Years ago when the first Hublot Big Bang came out it was an interesting watch to most people. It had an aggressive military and industrial sensibility to it that so many men enjoyed back then, and still enjoy today. Not everyone is in love with Hublot watches, but most tend to agree that the Big Bang was a solid design. So solid that for a long time Hublot became typecast as a firm making only Big Bang watches. That is until a few years ago when watches like the King Power and others came along to fill in the product line a bit more.
Going back to the Big Bang I thought it would be interesting to explore the “jewelry-ification” of the piece. From the original masculine design to pieces completely covered in diamonds, it is fascinating to see how the core design has held up to being studded in diamonds.

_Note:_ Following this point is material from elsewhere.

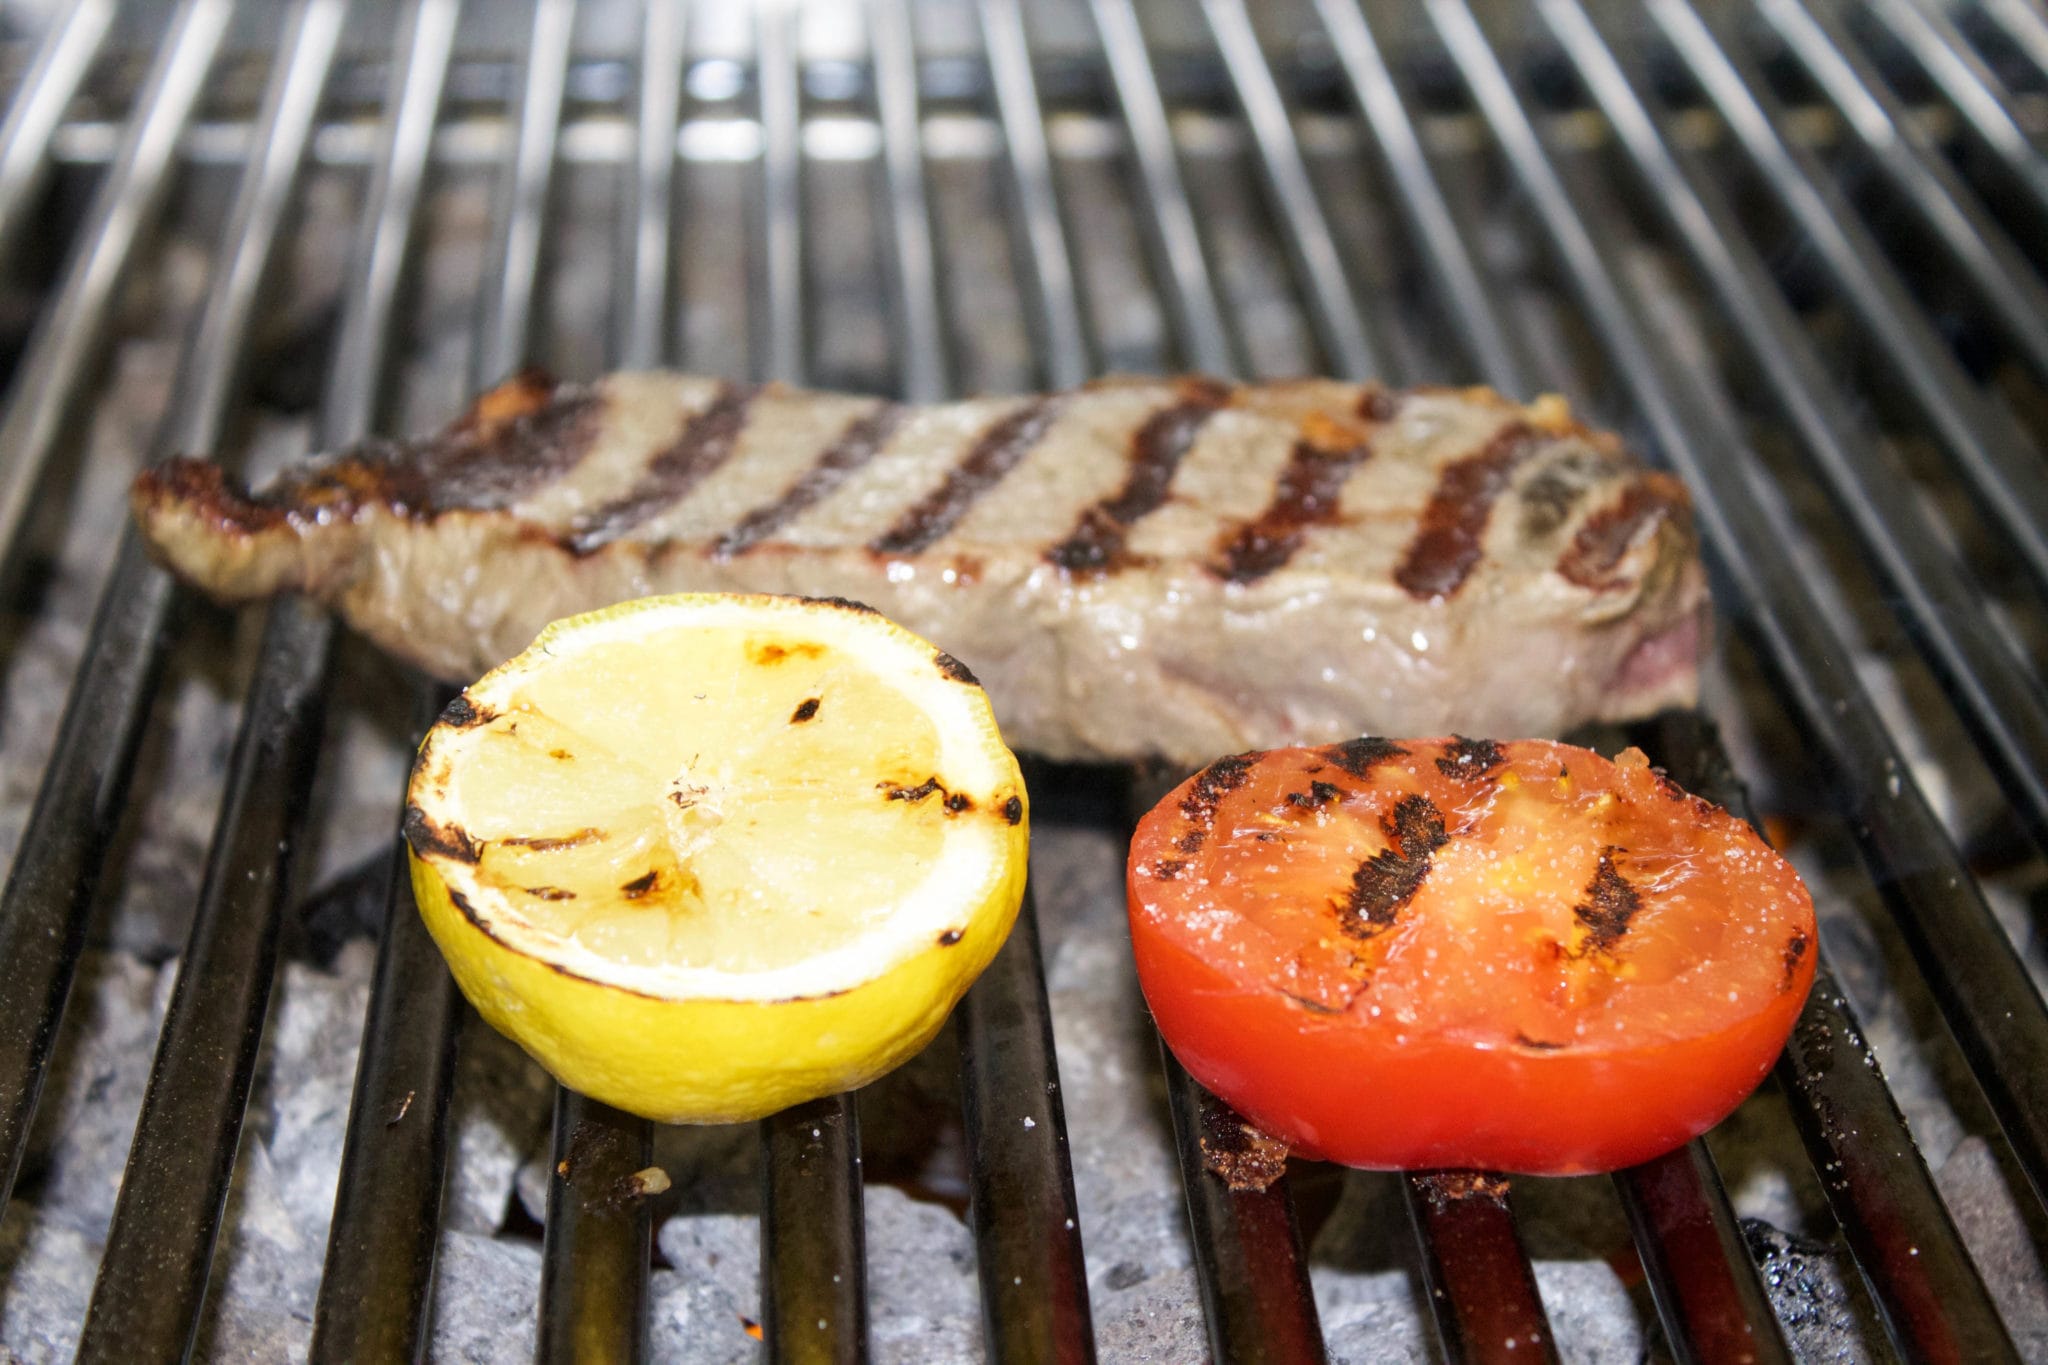 Steak on a grill with tomato and lemon

The newest diamond-dressed Big Bang watch is called the Hublot Baby Million (though I am not sure what is so “baby” about it). It is a $302,000 priced piece with 28 carats of diamonds on it. Here it is the first shown watch in this article and prompted this discussion. Why? Well because in addition to being almost totally covered in diamonds, the core Hublot Big Bang design is preserved on the dial and case – despite the 891 diamonds all over the timepiece. That wasn’t simple – to make a haute joaillerie Big Bang still look like a Big Bang watch.
A million bucks isn’t the highest amount Hublot has asked for a Big Bang watch. There have been a few such “million” (I am not even sure of the currencies sometimes) Big Bangs up to the 3 million dollar version with a tourbillon. What I like is how each of these is actually set differently with stones. These are also among the few men’s watches with diamonds that I think I could pull off wearing. Of course that statement is almost entirely fantasy because the prices are outrageous, but you get the idea. I tend to think of diamond studded watches as being primarily feminine. Though the right guy (Elton John) call pull it off.
Moving down the article you can see a few Big Bang watches will less and less diamonds down to one of the originals on a rubber strap. The evolution of the watch is interesting and thought-provoking for what is (love it or hate it) an icon of modern luxury sport watches. The Hublot Baby Million is probably a perfect hybrid between the look of the original and the jewelry style that many of these are going for. Hublot does deserve some credit for taking a cool looking 44mm wide watch and making the most out of the design. It remains a piece I admire – though given the extremely wide range of variations Hublot has made, I have no idea which I would wear if I could choose just one.
The luxury watch market needs diamonds. Hublot sort of never had a choice when it came to putting diamonds on the Big Bang. I always thought it was sort of silly when a nice sport watch was suddenly available with diamonds. Years before Hublot ever did this it was brands like Rolex and Omega that made it clear how necessary it was. Why? Well because there are finicky luxury lovers who simply won’t wear anything else. It might seems hard to believe for some people, but I have met plenty of watch collector’s who have said “nice watch, but does it come in gold with diamonds? I don’t wear anything else.” The first few times I heard this it was surprising, but it is a fact. For me, I have no prejudice against a nice steel timepiece. I actually have some prejudice against sport watches slathered in precious materials, but the best of them are important parts of the watch universe.
With large budgets and healthy desire to play with design and precious materials, I think we are no where near the end of the diamond-covered Big Bang. Though it is good to know what is underneath all the stones.